The funds could be used for "health and safety repairs, facility modifications to provide access for disabled students, and educational technology infrastructure upgrades, as well as energy efficiency projects," and priority would be given in distributing the money to colleges that "serve high numbers of minority students, institutions impacted by a major disaster" -- a boon to the Gulf Coast institutions affected by Hurricane Katrina and, probably, to the University of Iowa -- "and institutions proposing to improve energy efficiency."

The bill would also inject significant funds into science facilities through various federal agencies, providing money for a National Science Foundation program (which was created but never funded) designed to modernize science and engineering labs and for a program at the National Institute for Standards and Technology that, according to the Association of American Universities, received 93 proposals last year and was able to fund just three.

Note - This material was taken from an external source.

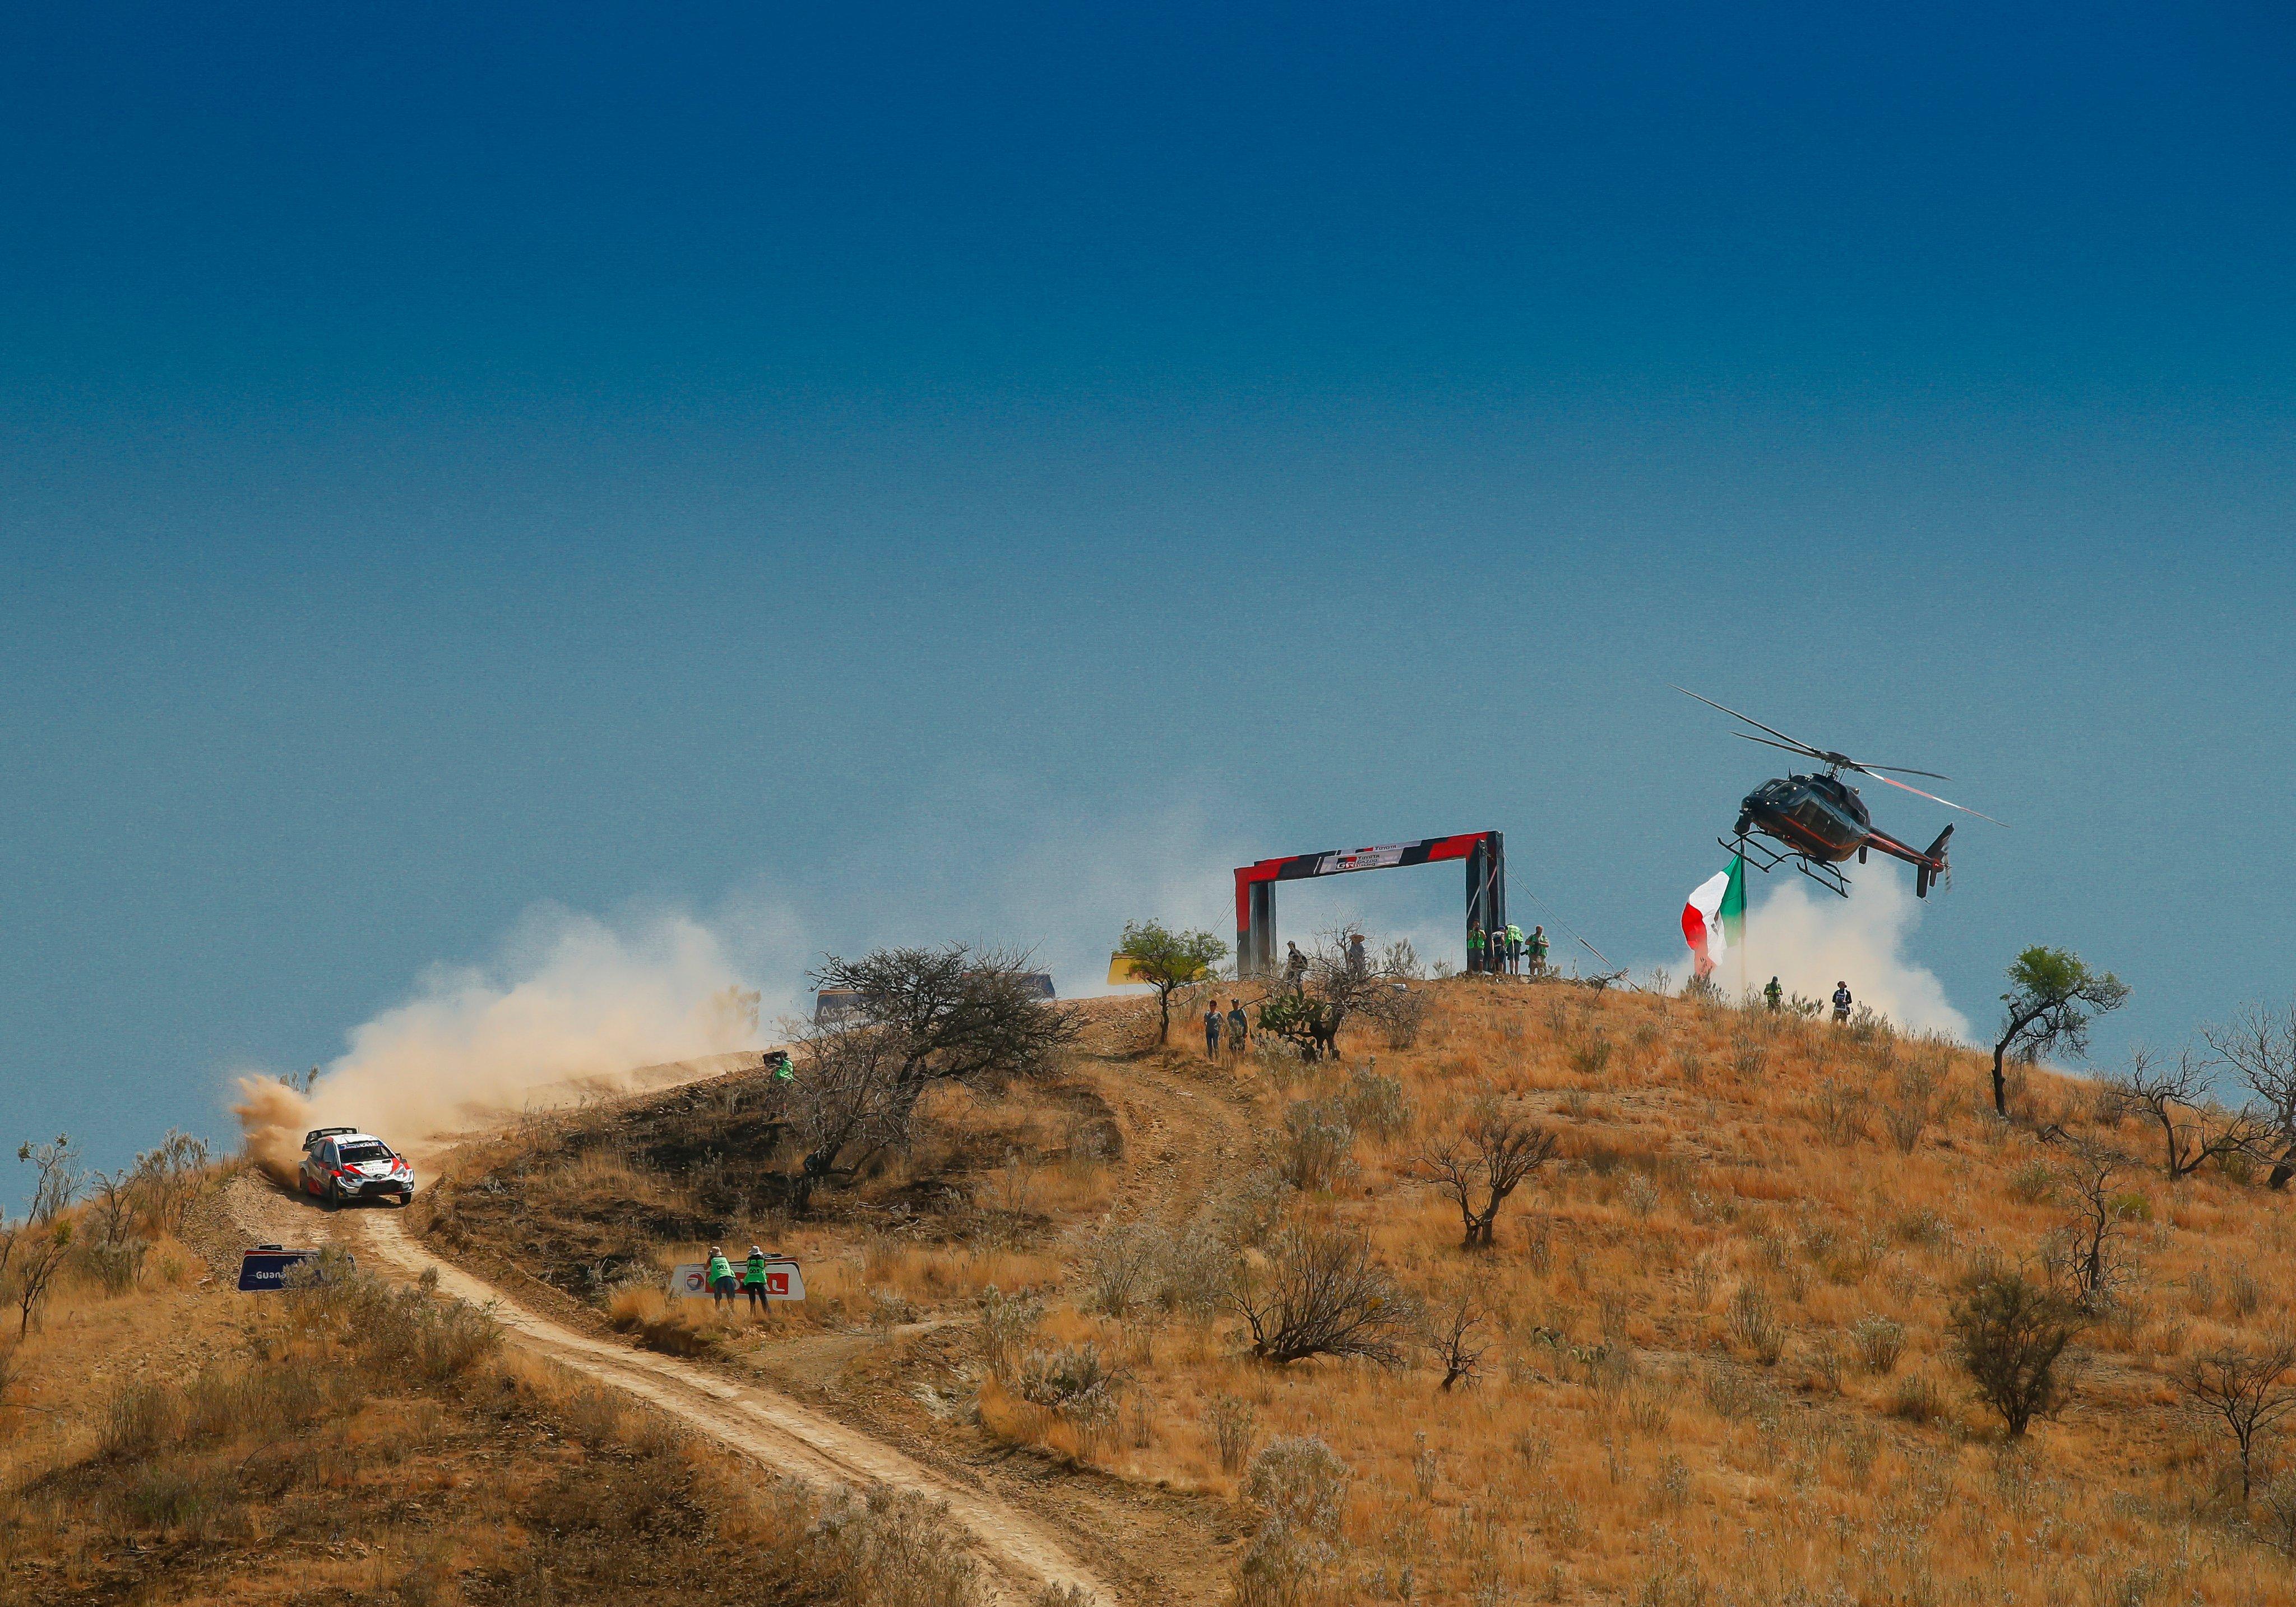 WRC: 17º Rallye Guanajuato Corona - México [12-15 Marzo] - Página 7 ETG2h7VX0AA0uAe?format=jpg&name=4096x4096

Academic research. The stimulus legislation would be a boon, at least in the short term, to advocates for research who have been concerned that federal support for the biomedical sciences has stagnated and that the government has not kept pace on its plan to double funding for the physical sciences.

In describing the legislation, Congressional supporters seem to be somewhat self-consciously describing the proposed research funds as economic drivers. A news release from the House Appropriations Committee describes proposed NASA funds as "$400 million to put more scientists to work doing climate change research" and $1.5 billion in funds for the National Institutes of Health as "expanding good jobs in biomedical research." The legislation does not specify whether those funds should be used for research grants, fellowship support or other purposes.

The legislation also includes one other potential gift, this time for lenders. It contains language that would change the way the government calculates the subsidies it pays to student loan providers, as pointed out by the New America Foundation's blog Higher Ed Watch.